Another technique is Regularized Multiple Kernel Learning Locality Preserving Projections (rMKL-LPPs) used to conjoin the multi-omics profiles [111]. The LPPs have been utilized for conserving the sum of distances for the k-nearest neighbors of every sample. As compared to SNF, rMKL-LPP provided more flexibility since it generated various choices of the dimension reduction techniques as well as kernels for each data type.
Some gene module identification methods using various correlation measures such as Pearson correlation coefficient, traditional TOM by [30], weighted TOM by [31, 32] and generalized TOM [33] also fall into this category. Zhang et al. (2014) [34] proposed a new method for weighted networks to produce the densely connected modules referred to as quasi-cliques. The major benefit of this approach is that the local maximum edges were applied to initiate the search for avoiding the extortionate (unreasonable) overlaps among the recognized modules. Hence, the run time of the method was significantly reduced. This methodology is highly useful for detecting a higher number of genetic modules which are enriched in both the biological functions and the chromosomal bands in the cancer profile suggesting a major contributions of copy number variations connected with the development of the cancer. Huang et al. (2018) [35] developed the corresponding R package, ‘ImQCM’. Feng et al. (2009) [61] developed a novel web-based software, ‘Gene Expression data Mining Toward Relevant Network Discovery’ (GEM-TREND) to mine the gene expression data network through finding the similar gene expression profiles and generating corresponding co-expression networks from any publicly available database. Of note, for statistical significance, a nonparametric as well as rank-based pattern matching method inspired by the method of [62] was utilized. Frequent subgraph mining is the latest topic of interest. Gawronski et al. (2014) [60] introduced a novel algorithm named as ‘Frequent subgraph mining for the discovery of RNA structures and interactions’ (RiboFSM) for identifying the meaningful patterns from either a single large graph or a set of smaller sized graphs. The graph represented all RNA structures along with the interactions. The most significant frequent patterns had been determined from the graph.

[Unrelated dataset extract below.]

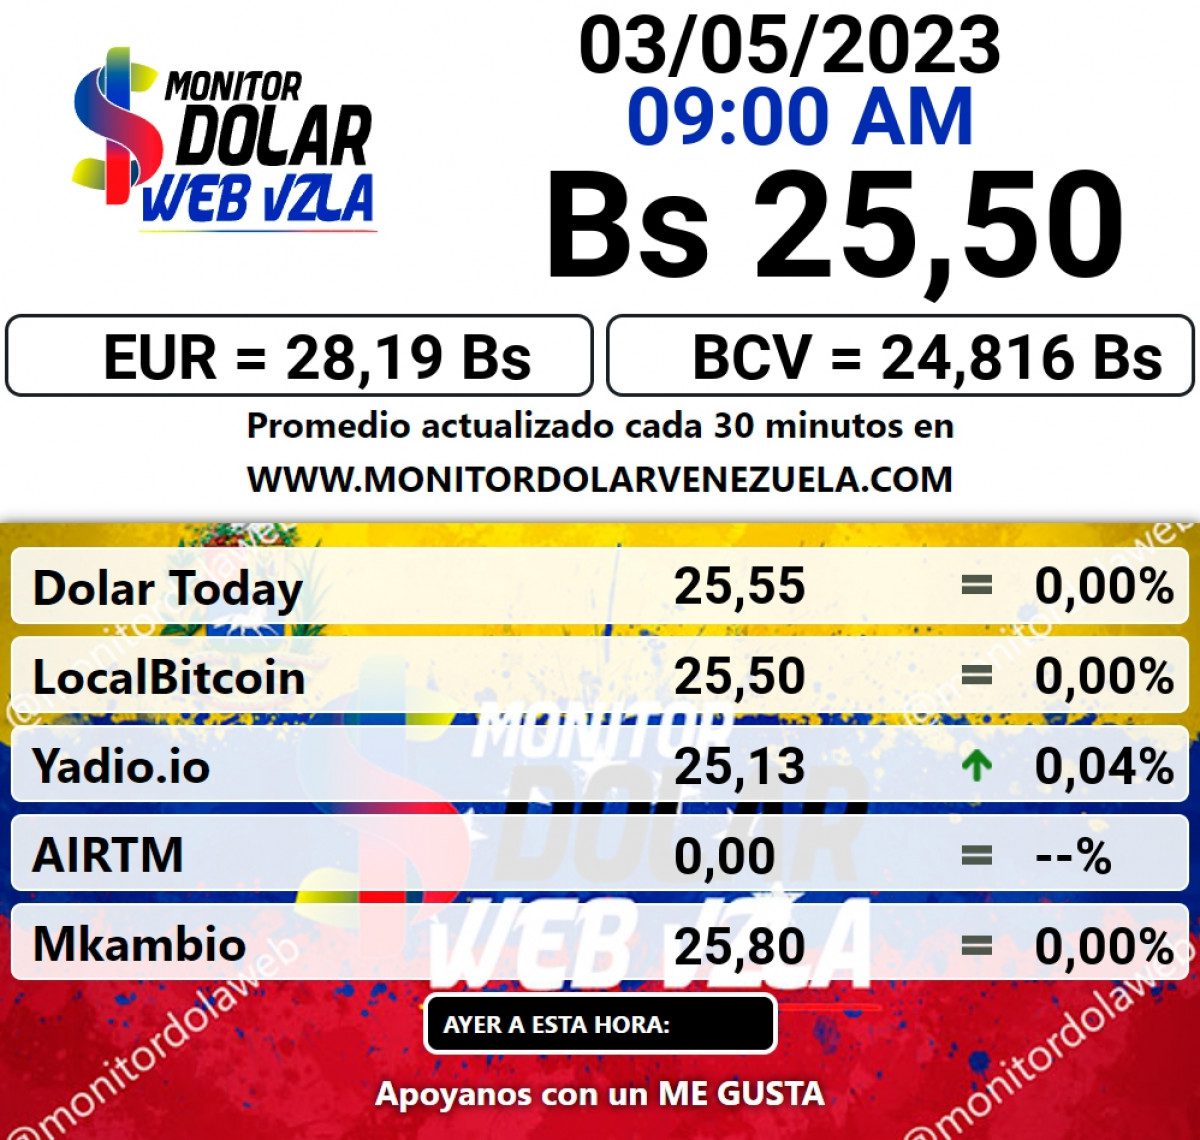 dolartoday en venezuela precio del dolar este miercoles 3 de mayo de 2023 laverdaddemonagas.com monitor2

ARM is a useful tool for extracting the interesting gene sets (item sets) for any kind of data. It can generate the cause–effect relationships between the biomolecules such as genes. Mallik and Zhao [43] introduced two novel rule-based similarity measures (i.e. weighted rank-based Jaccard and weighted rank-based Cosine measures) and then prepared a novel computational framework to identify the condensed gene co-expression modules (‘ConGEMs’) through the utilization of the association rule-based learning strategy and the weighted similarity scores. The algorithm is good for retrieving the bio-marker modules from the genomic (or epigenomic) profile.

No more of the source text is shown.